A Journalist Is Slain


21 JUNE 1979 — ABC News Correspondent Bill Stewart had just finished covering the revolution in Iran when he was sent to Nicaragua to cover the Sandinista Revolution. Not long after his arrival, members of Somoza’s National Guard executed Stewart at a road block in Managua. ABC cameraman Jack Clark (sitting on the car above) filmed the killing from inside the team’s van. The National Guardsmen apparently were unaware of the filming. The guardsmen also killed Stewart’s Nicaraguan interpreter, out of view of the cameraman who filmed Stewart’s execution.

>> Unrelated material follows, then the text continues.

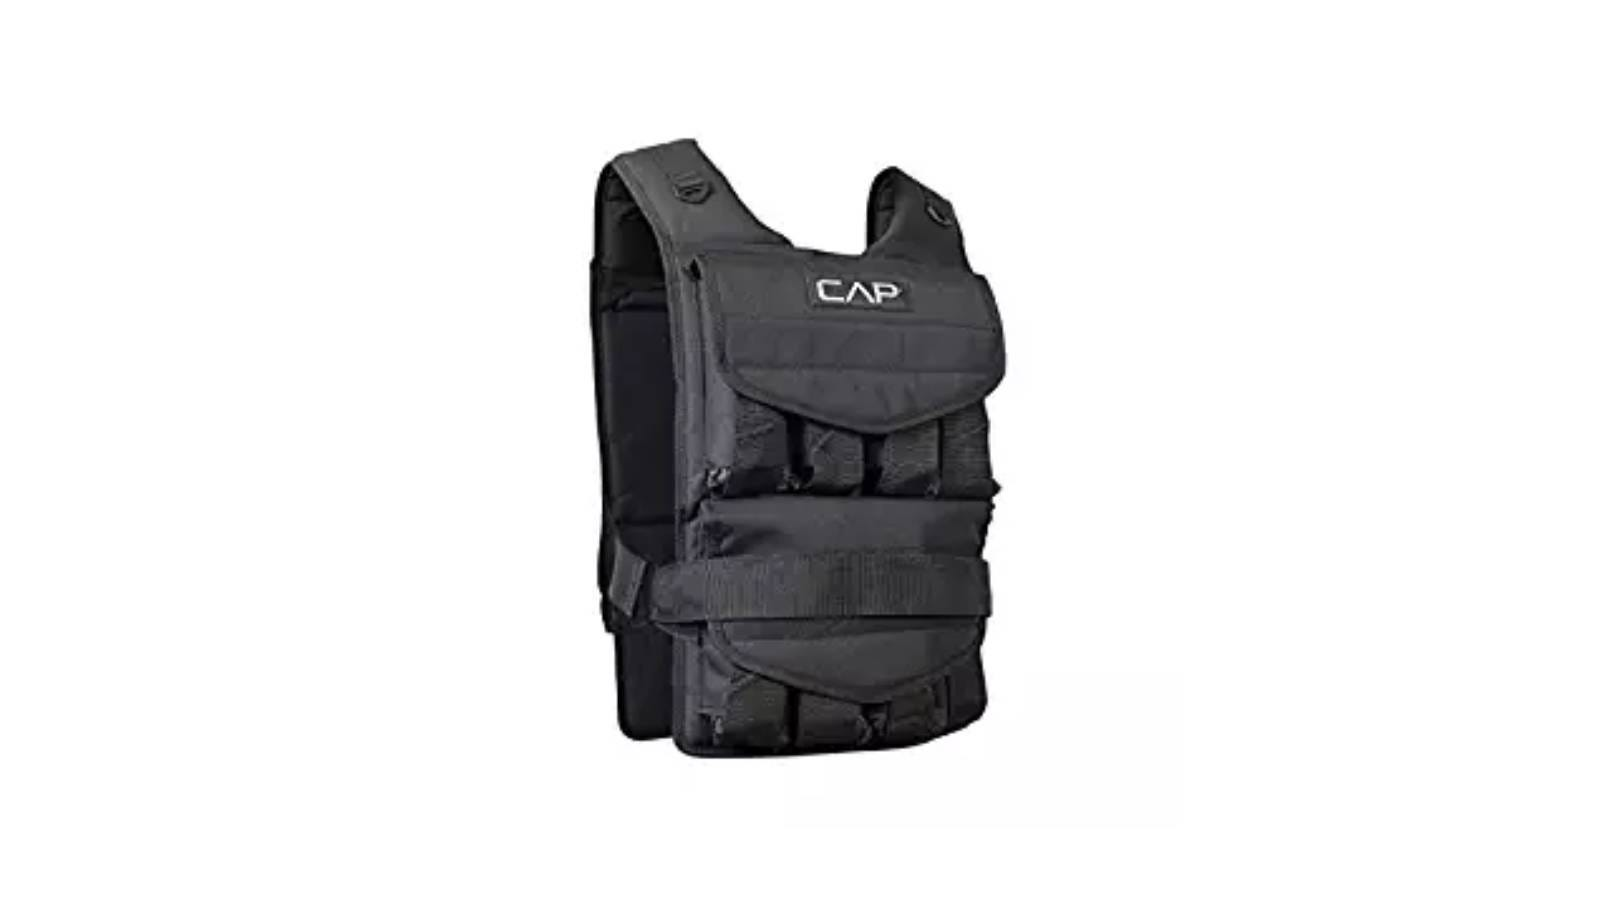 Cap Adjustble Weighted Vest

ABC transmitted the images to New York before Somoza could stop them, and the gruesome event was broadcast around the world. It was the end of U.S. Congressional support for Somoza, who billed himself as a staunch U.S. ally and anti-communist bulwark in Central America.

In the image above, Clark is seen near the case that would carry Stewart’s body — along with the vast majority of the foreign press corps covering the insurrection — being evacuated in a U.S.-loaned military plane to the Panama Canal Zone. I was one of a handful of journalists who stayed in Nicaragua to cover the war.

Two footnotes here: (1) Human rights groups accused Somoza’s National Guard of routinely and consistently conducting these execution-style killings of poor, defenseless Nicaraguans but it took the global broadcast of the killing of an American journalist to undermine Somoza’s support in the U.S. Congress. (2) Until two days prior to his killing, I had been working as Stewart’s interpreter, since I was a stringer for ABC Radio in the region and spoke Spanish. In other words, the Nicaraguan interpreter executed that day could have been me. This was the first in a long line of lucky incidents (for me) that partly explain why I’m still alive and writing this today.

The image making and storytelling skills I acquired during this conflict were the foundation of my role today as a backpack journalist. As we mark the 30th anniversary of the Sandinista Revolution, I’ll be posting scans of some of the original images I made for UPI during that war, and explaining their significance. I do this in recognition and gratitude to the country and people who have given me so much. Thank you.